It’s Wednesday, which means that in companies around the world, everybody’s celebrating “hump day”: the motivational realisation that you’re halfway through the week, and that Friday - and the weekend - is almost in reaching distance. And when we finally reach the weekend, we’re often too exhausted to make the most of it. But does it have to be this way?

Here’s a short video from YouTuber CGP Grey which is worth considering:

For sure, we don’t all get the chance to select the days that we work. But with flexible working on the rise, maybe we want to think of Wednesdays as the perfect day to carve out some flex time? When we’re given the opportunity to opt for time off, we’ll often select Fridays - after all, it means the weekend starts sooner, right? But all it means is that you have to work that extra bit more intensely to complete Friday’s work by the end of Thursday, and then your free Friday is spent feeling exhausted, with the knowledge that you’ve now got three more days to wait before you can fix it.

I’m not sure that many of us would be willing to sacrifice our Saturdays for this arrangement, nor do we all have the ability to control changes in company policy like this.
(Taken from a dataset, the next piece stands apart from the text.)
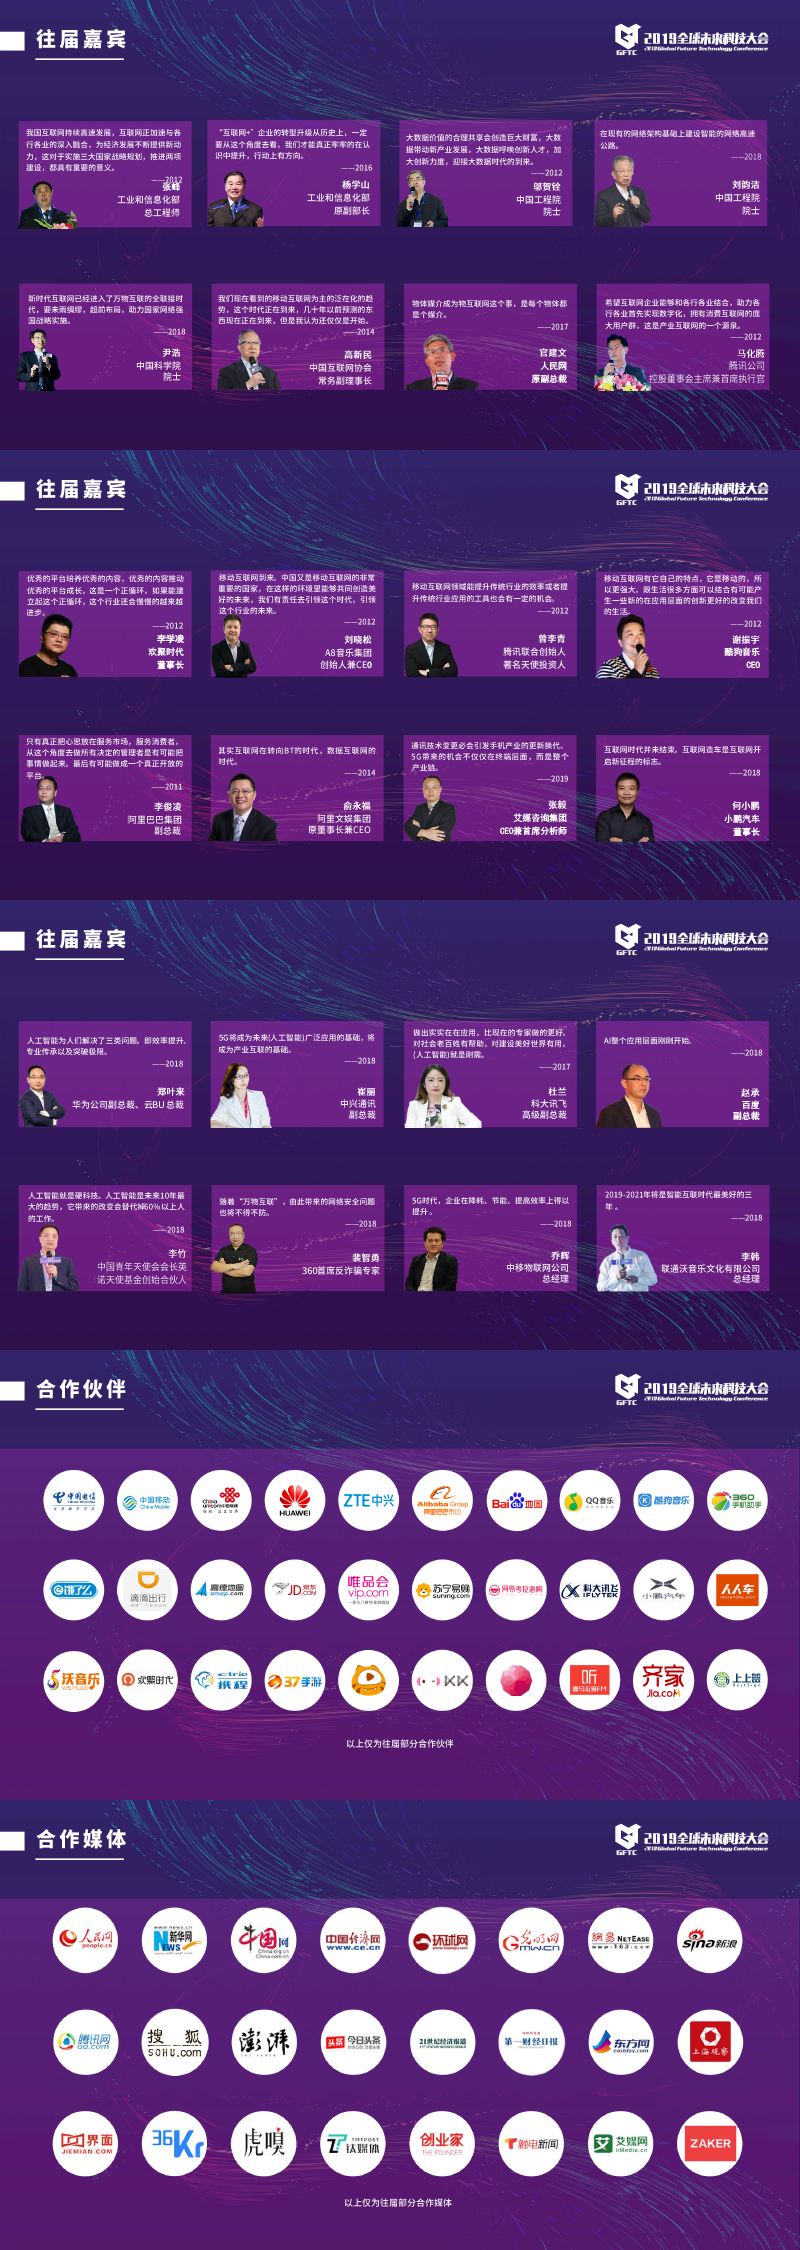 2019全球未来科技大会（上海站）

However, if you’re somebody that works a four-day week, then there’s a compelling case for making Wednesday your free day, rather than creating a three-day weekend.
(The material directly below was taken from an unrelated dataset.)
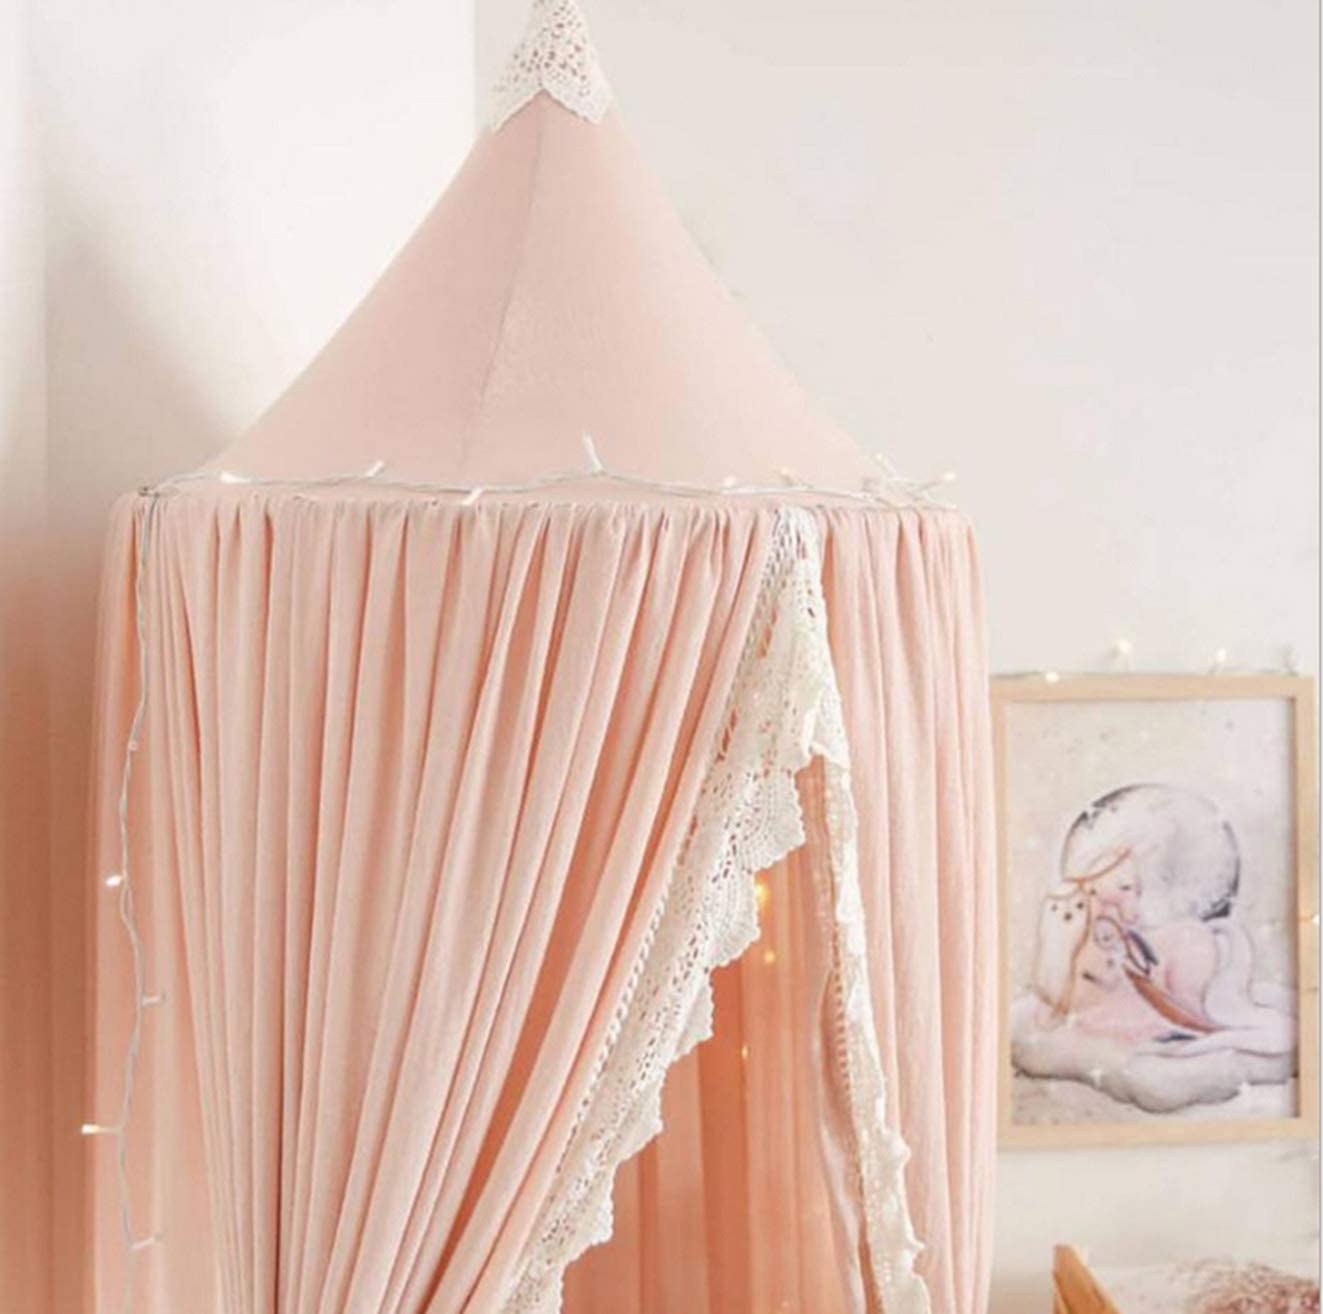 Kuppel Prinzessin Bett Baldachin Vorhang Baumwolle Zelt Kinderzimmer Dekor

Yet while CGP Grey espouses some of the benefits of “having a day off when everyone is working” (fewer queues! less traffic!), there is evidence to suggest that we achieve significant psychological benefits when we’re off work at the same time as our friends and family. There are several studies cited in Oliver Burkeman’s Four Thousand Weeks, including this example from the Soviet Union, which in 1929 introduced a system of “four days’ work, one days’ rest” with the workforce split into five colour-coded groups, all of whom had a different day off, with the expectation of maximising workforce productivity:

The main effect for ordinary citizens of the USSR […] was to destroy the possibility of social life. It was a simple question of scheduling. Two friends assigned to two different calendar groups would never be free to socialise on the same day. Husbands and wives were supposed to be assigned to the same group, but they often weren’t, placing intense stress on families […] the Soviet government had inadvertently demonstrated how much of the value of time comes not from the sheer quantity you have, but from whether you’re in sync with the people you care about most.
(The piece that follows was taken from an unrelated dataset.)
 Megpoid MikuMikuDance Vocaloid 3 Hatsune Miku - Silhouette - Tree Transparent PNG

At the very least, I hope that this video has made you pause to think about some of the working values that we believe we’re beholden to - and to think about whether there are opportunities to modify the status quo, in order to increase your happiness (and maybe even your productivity as a happy by-product).

Key takeaways 📝

  • The working week is structured to leave us drained by the end.
  • With part-time or flexible working, don’t jump straight to “Fridays off”.
  • It’s what you do with your time off that counts.